▶ Your assignment
Your answer should be the lines below from the one with "Гарнитура Bluetooth Box" to the one with "Midcentury Danish desk", both included, given again exactly and with nothing added.

▶ Dataset extract
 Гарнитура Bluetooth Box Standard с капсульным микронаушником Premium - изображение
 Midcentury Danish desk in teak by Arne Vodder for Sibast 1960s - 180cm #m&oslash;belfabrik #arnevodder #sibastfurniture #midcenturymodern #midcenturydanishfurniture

...

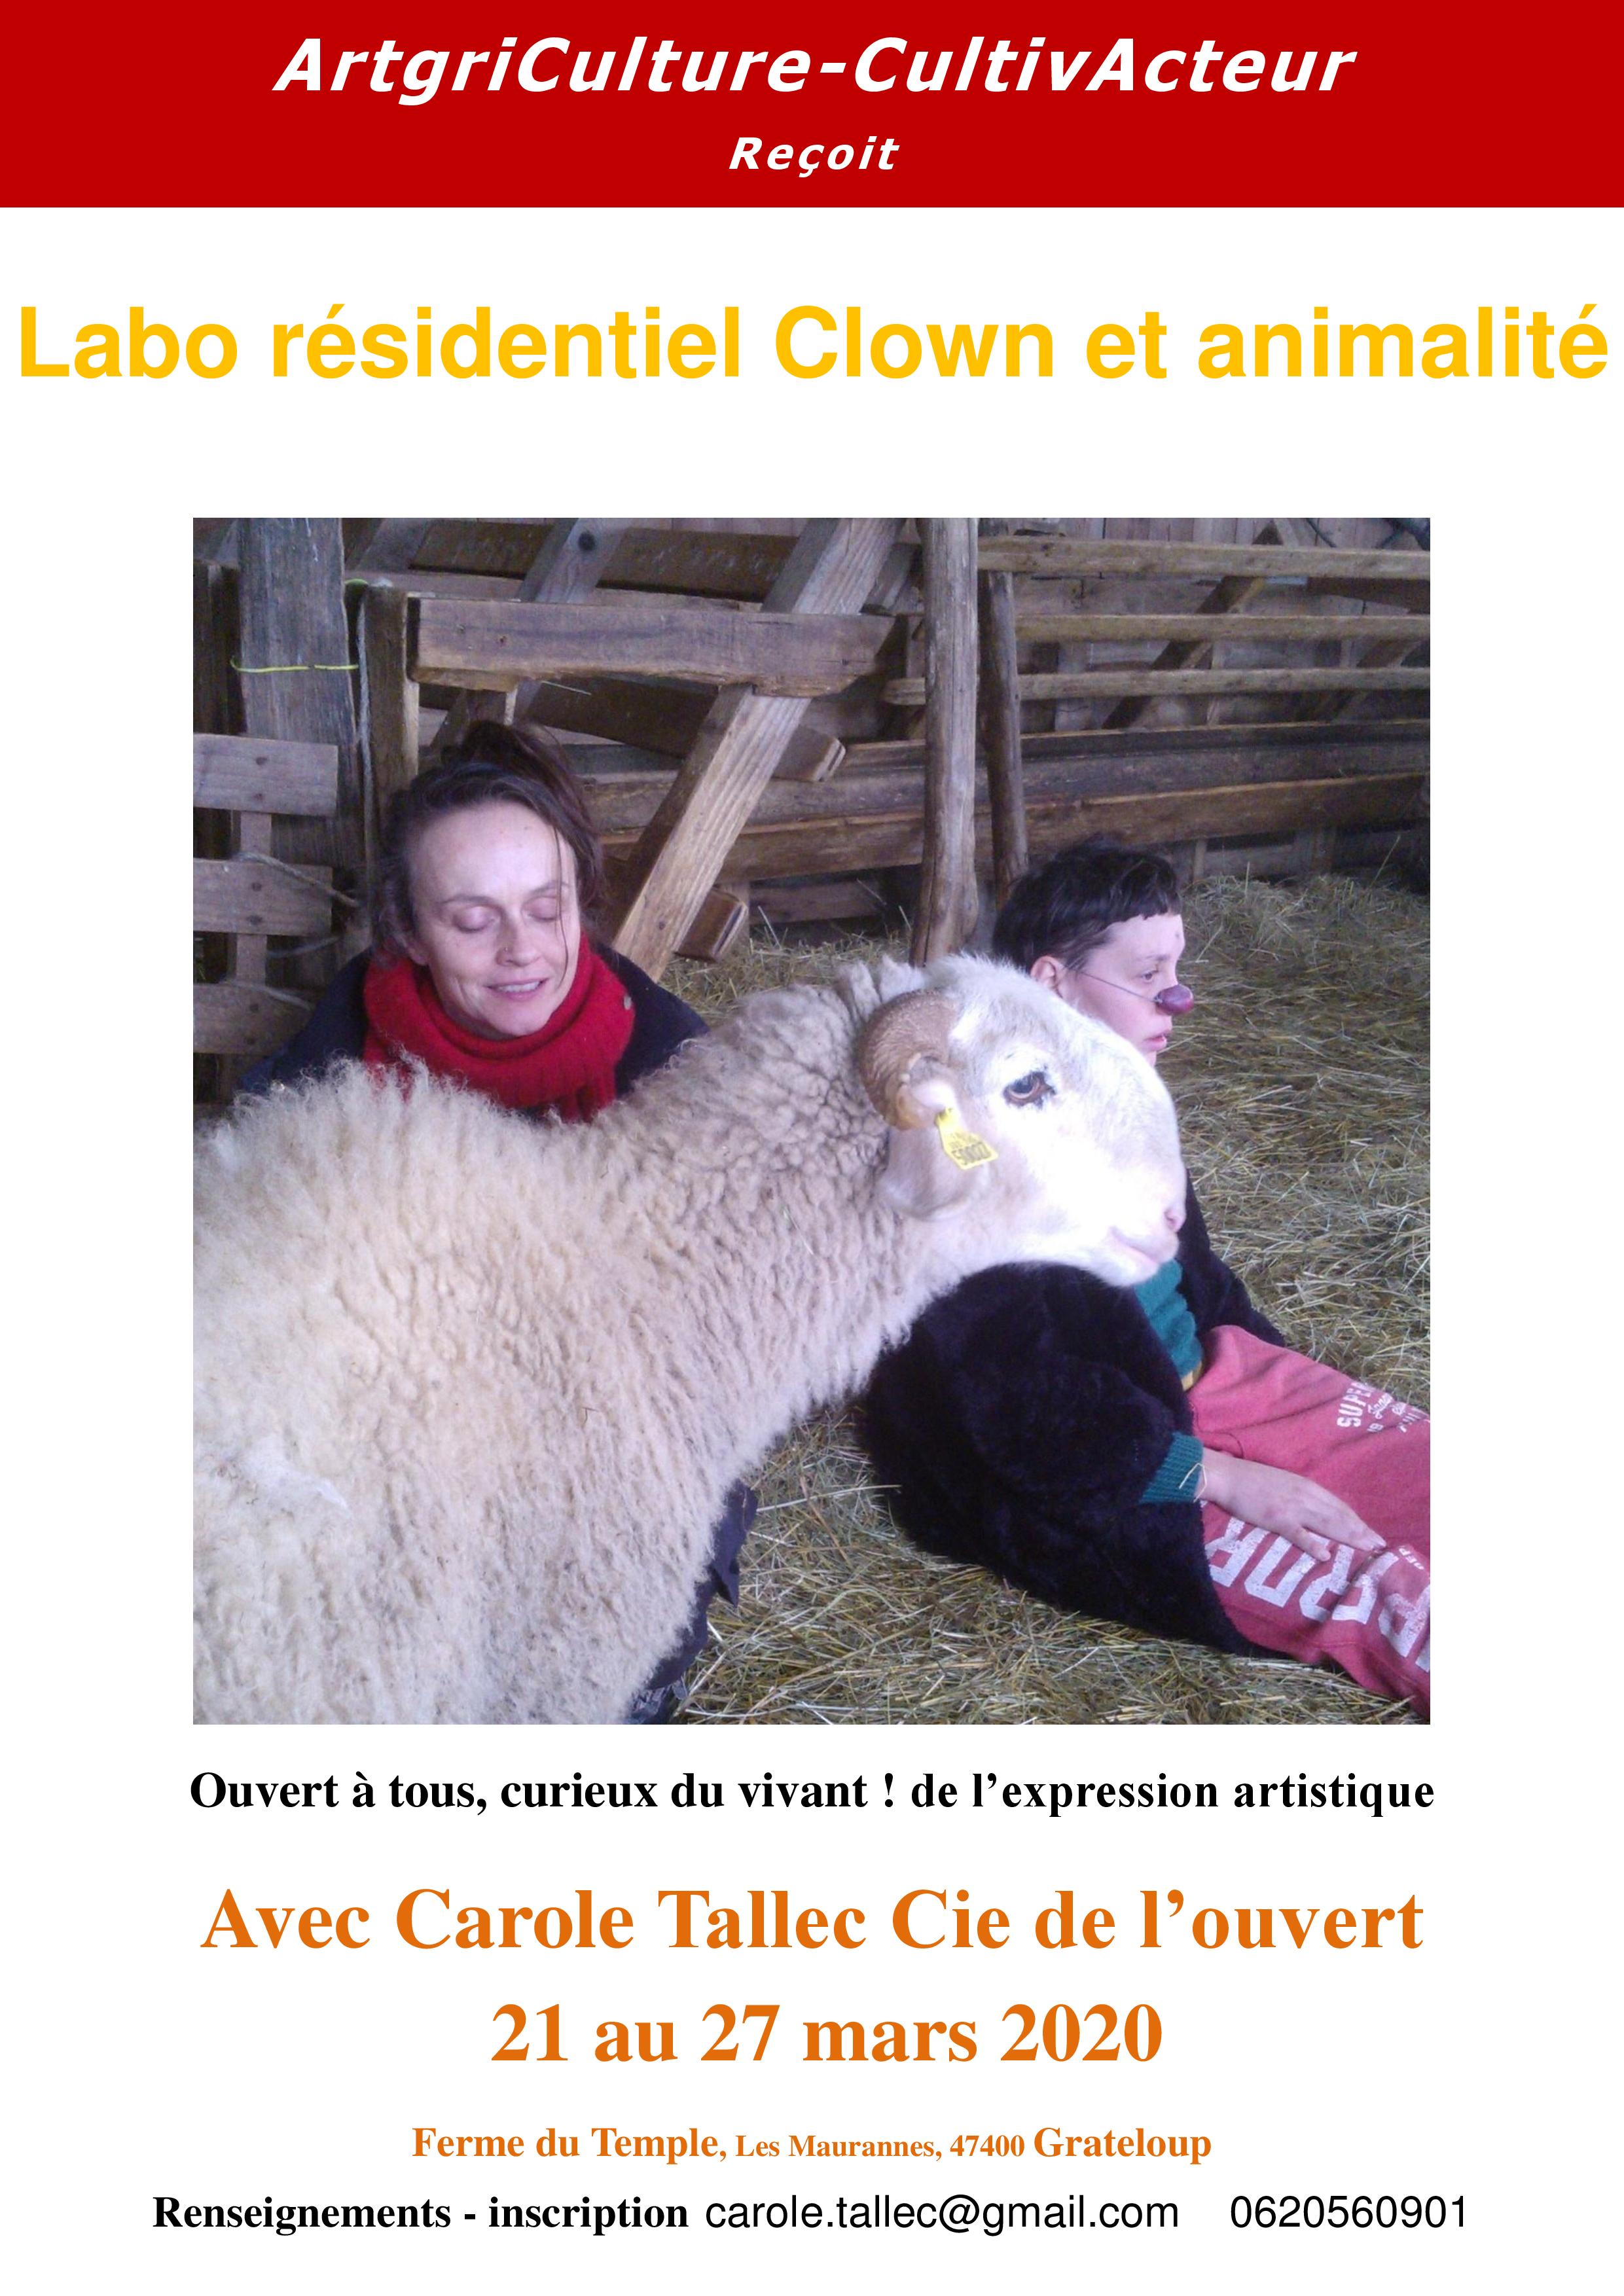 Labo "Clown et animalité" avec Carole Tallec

▶ Output
 Гарнитура Bluetooth Box Standard с капсульным микронаушником Premium - изображение
 Midcentury Danish desk in teak by Arne Vodder for Sibast 1960s - 180cm #m&oslash;belfabrik #arnevodder #sibastfurniture #midcenturymodern #midcenturydanishfurniture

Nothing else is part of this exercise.